Salome Asega and Rufaro Makanda join Eyebeam Board of Directors

Pictured left, Salome Asega. Pictured right, Rufaro Makanda.

Including: Rufaro Makanda Salome Asega

News Release
Brent Jones
(917) 280-6217,

Salome Asega and Rufaro Makanda join Eyebeam Board of Directors

Brooklyn, June 21, 2021 —Eyebeam, a “power station” known for generating visionary work by artists and technologists together with the community, today announced the elections of Salome Asega and Rufaro Makanda to its Board of Directors. The unanimous decision was made during the board’s recent meeting on April 26, 2021 and follows the organization’s announcement that it has shed its public storefront space and physical residency and transformed into a groundbreaking, radically distributed catalyst and incubator. Eyebeam recently celebrated its inaugural digital fellowship Rapid Response for a Better Digital Future with an ambitious digital convening of radical practitioners spanning the fields of public policy, journalism, healthcare, and more, “From the Rupture: Ideas and Actions for the Future.”

“We are thrilled that Salome and Rufaro will join us at this tremendously exciting and pivotal moment,” said chairman Joe Versace, who for many years has been involved in art and social service organizations in New York City. “As we de-center Eyebeam and hand authority over to artists so that they may enliven a more humane digital realm, we look forward to the vision, advice, and guidance of our newest leadership.”

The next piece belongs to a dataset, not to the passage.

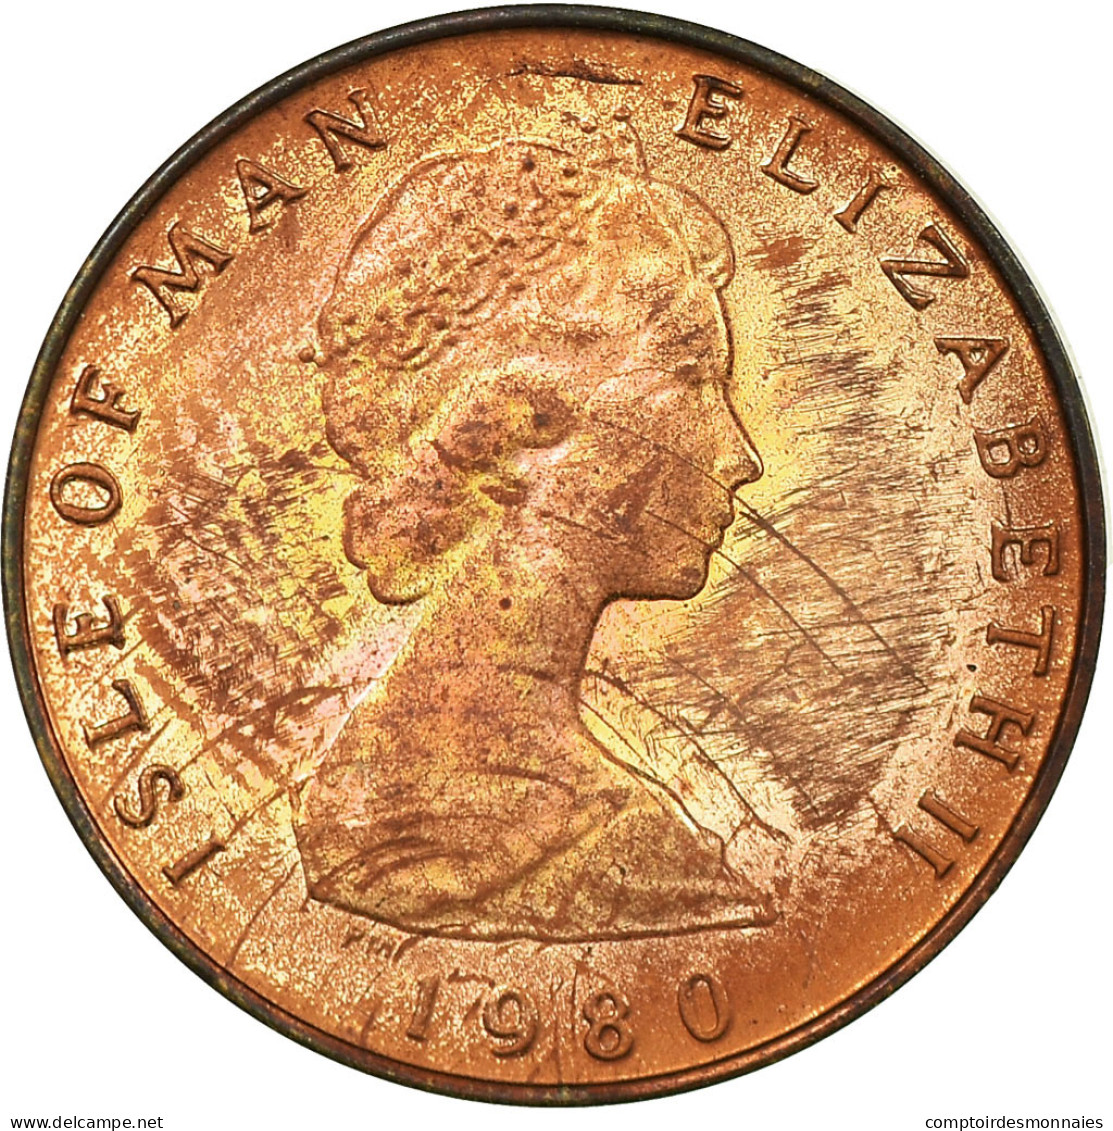 Monnaie, Isle Of Man, Elizabeth II, 1/2 Penny, 1980, TTB, Bronze, KM:58 - Isle Of Man

Salome Asega, pictured, is an artist and researcher. She has exhibited internationally, including at MoMA, and lectured at the Brooklyn Museum, the MIT Media Lab, Performa, and elsewhere. Asega was a 2015/2016 resident at Eyebeam and the inaugural Ford Foundation Technology Fellow landscaping new media artist. She is the director of partnerships at POWRPLNT, a youth digital art collaboratory in Brooklyn. Asega holds an M.F.A. in Design and Technology from Parsons at The New School where she now teaches.

“My relationship with Eyebeam started as a resident and that relationship is sticky, as I never really left, and I am delighted to join the board,” enthused Asega. “It really is rare to have dedicated time to do research, to experiment, and to be inventive in a community of like minded practitioners. And now, in an amazing pivot, for Eyebeam to honor place-based work in the context in which it is happening and to meet where you are at as an artist, is incredible.”

Born in Harare, Zimbabwe and raised in Washington, D.C., Rufaro Makanda, pictured, who joins the board’s executive committee and will serve a term as treasurer, is an investment banking vice president at Bank of America and works with private equity clients. Makanda also serves on the steering committee of Alvin Ailey American Dance Theatre.

“I grew up dancing, and I’ve always valued the craft of an artist,” said Makanda. “Through my involvement with Ailey and through engaging with various artists over the years, I feel strongly that a network and community are extremely important to the development and evolution of any artist. The scope of Eyebeam’s artist support is international and cross-cultural, and I look forward to working with the board.”

About Eyebeam
Technology’s effect on our future is always changing and difficult to understand. Through exploratory process and emotionally compelling output, Eyebeam believes that artists can help us visualize and realize a more humane future.

Eyebeam provides both space and support for a community of diverse, justice-driven artists. Our annual fellowship program, highly engaged community of alumni, advanced tools and resources, shows and events help our artists bring their work to life and out into the world.

Eyebeam enables people to think creatively and critically about technology’s effect on society, with the mission of revealing new paths toward a better future for all.